Wyniki finansowe takiego posunięcia są znikome - ocenił poseł lewicy Dimczo Michalewski. Według niego gdyby chodziło o realne oszczędności, należałoby zamrozić płace władzy wykonawczej i administracji centralnej, na których podniesienie w budżecie na 2011 rok przewidziano 128 mln lewów (ok. 64 mln euro). Michalewski przypomniał, że wysokość emerytur pozostaje zamrożona od połowy 2009 roku.

Jego kolega Janaki Stoiłow zaznaczył, że decyzja o zamrożeniu uposażeń posłów jest sprzeczna z  oświadczeniami wicepremiera i ministra finansów Simeona Diankowa, że  kraj wyszedł z kryzysu. - To przyznanie, że kryzys nie tylko nie skończył się, lecz się pogłębił - uznał Stoiłow.

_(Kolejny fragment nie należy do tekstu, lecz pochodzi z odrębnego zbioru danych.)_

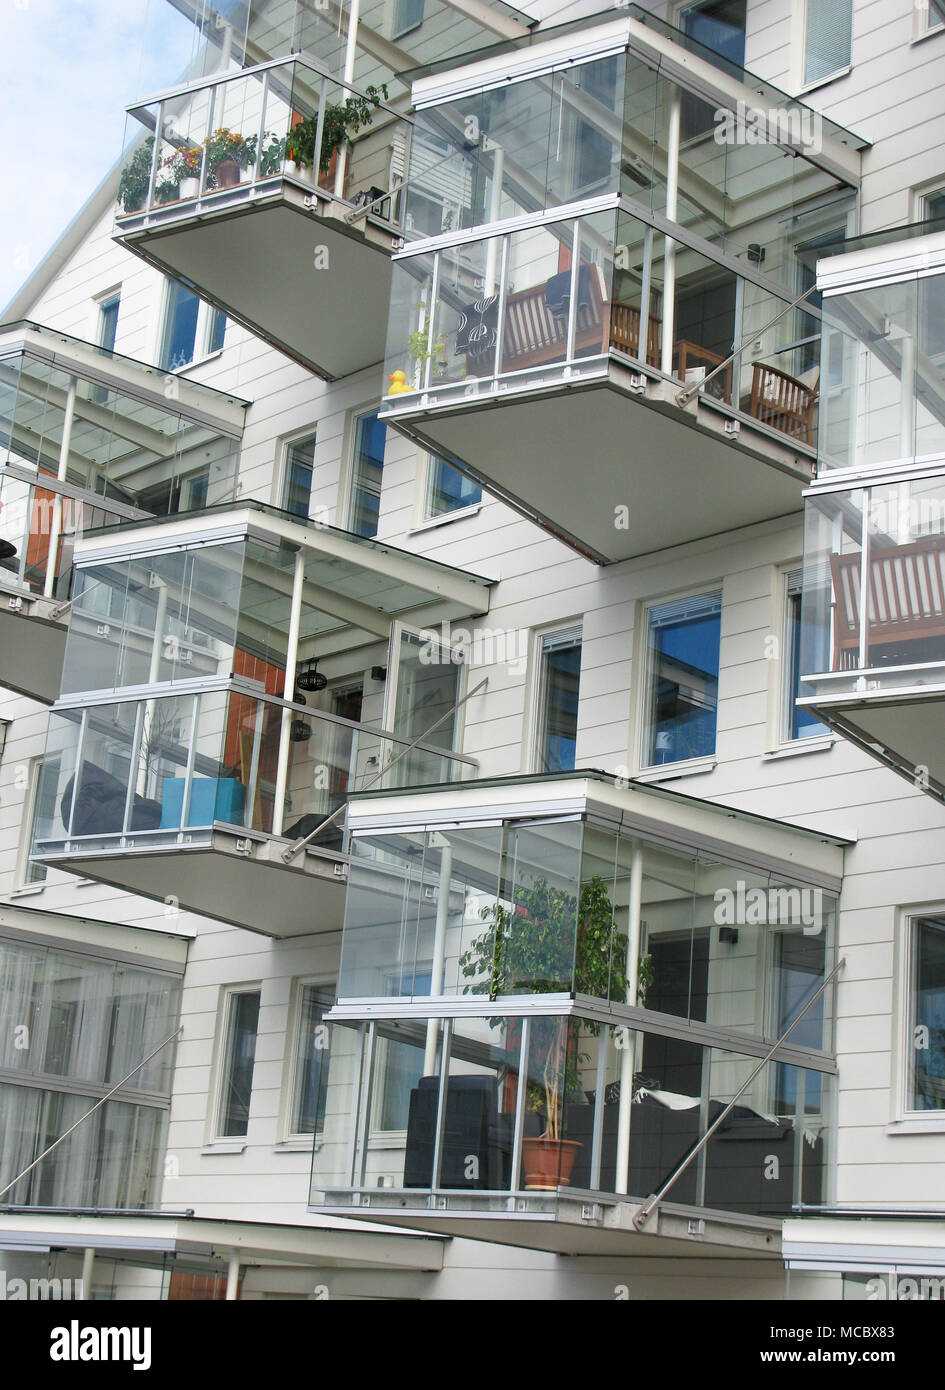 Newly built apartments on Lidingö with their glazed balconies Stock Photo

Po czwartkowej decyzji parlamentu uposażenie posłów, mające równać się trzem przeciętnym płacom w sektorze publicznym, pozostanie na poziomie 2200 lewów (1100 euro). Oprócz tego posłom należą się dodatki za pracę w komisjach, benzynę i  inne. Bułgaria jest krajem o najniższych dochodach w Unii Europejskiej, minimalna płaca wynosi 240 lewów (120 euro) i nie była podnoszona od 2009 roku.